Land creatures would never have survived it. It fell not as foam, not as ordinary wave-strike reaching a shore, but as solid immense slabs of the black, cold inmost ocean, slamming down. There would be a moment to breathe, and then another mass of water hammered against them, swirled round them, dragged at them where they clung and roared away. Li felt the big rock to which she had anchored herself stir in its ancient bed and readied herself to loosen her hold if it rolled away, but it settled back and she was able to fasten herself to it again.
The first was worst. The higher the water had been flung the more it broke apart in the air and fell back no longer in solid slabs but first as a foaming torrent then as a downpour, half air, half water, then as rain, and at last, for a long while, a
s a fine salty drizzle, icy cold.
Bruised and gasping Li let go of her hold and sat up. Ma-ma was already sitting, huddled over the whimpering baby which somehow she’d managed to shelter beneath her through the onslaught. Around them the others rose, those that were left, for two had vanished, either battered from their hold or because the boulders to which they had clung had themselves been rolled down over the cliff. This must almost have happened to Goor. He came limping up the slope, shaking his head, having been knocked loose and then by a miracle found somewhere else to cling before he was washed away. Below them the sea was a cloudy turmoil heaving to and fro in an immense and shapeless swell whose hummocks were only the ripples set up by the shock of the tsunami striking the continent, but were themselves large enough to send columns of spray squirting against the cliffs far higher than any wave Li had ever seen.
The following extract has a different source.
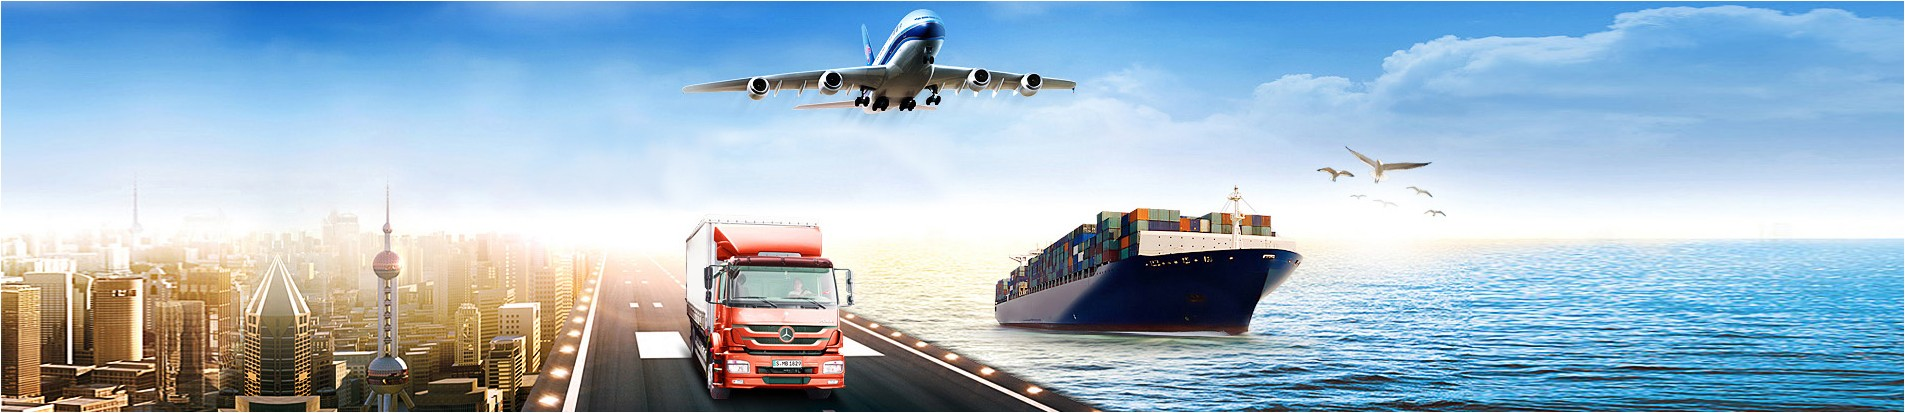 Talks to get FedEx, Expo Freight hubs at BIA 1546422396889?e=2159024400&v=beta&t=NTOIdhRiSUsYlOw-7BYGJWyygo_nr-l6hCfVPVGRpBM

Look called someone, pointing. They saw, and gasped. Behind the bay the last of the tsunami was still sheeting back from the mountains beyond, but the ground over which it fell in foam had changed. There were no cliffs there any more. The weight of the wave had smashed them down into a tumbled slope of boulders, right across the shore, right across the bay and out beyond the bar that had sheltered it. Unreachable beneath that mass of stone the tribe, and Greb, and the strangers he had brought, and the water-caves too, lay buried.
NOW: WEDNESDAY AFTERNOON
VINNY WAS SCARED of what Dr Hamiska would say, and wanted to get it over, talking to him alone, so she had to wait till they all climbed the hill again. Still she didn’t get a chance, as he kept loping around, seeing what everyone was doing – like a herd bull on a wildlife programme, she thought, patrolling his territory to stop any interloping male from darting in and making love to one of his wives. His laugh, even, was like a bellow of challenge. If she hadn’t been so nervous she might have had a giggling fit.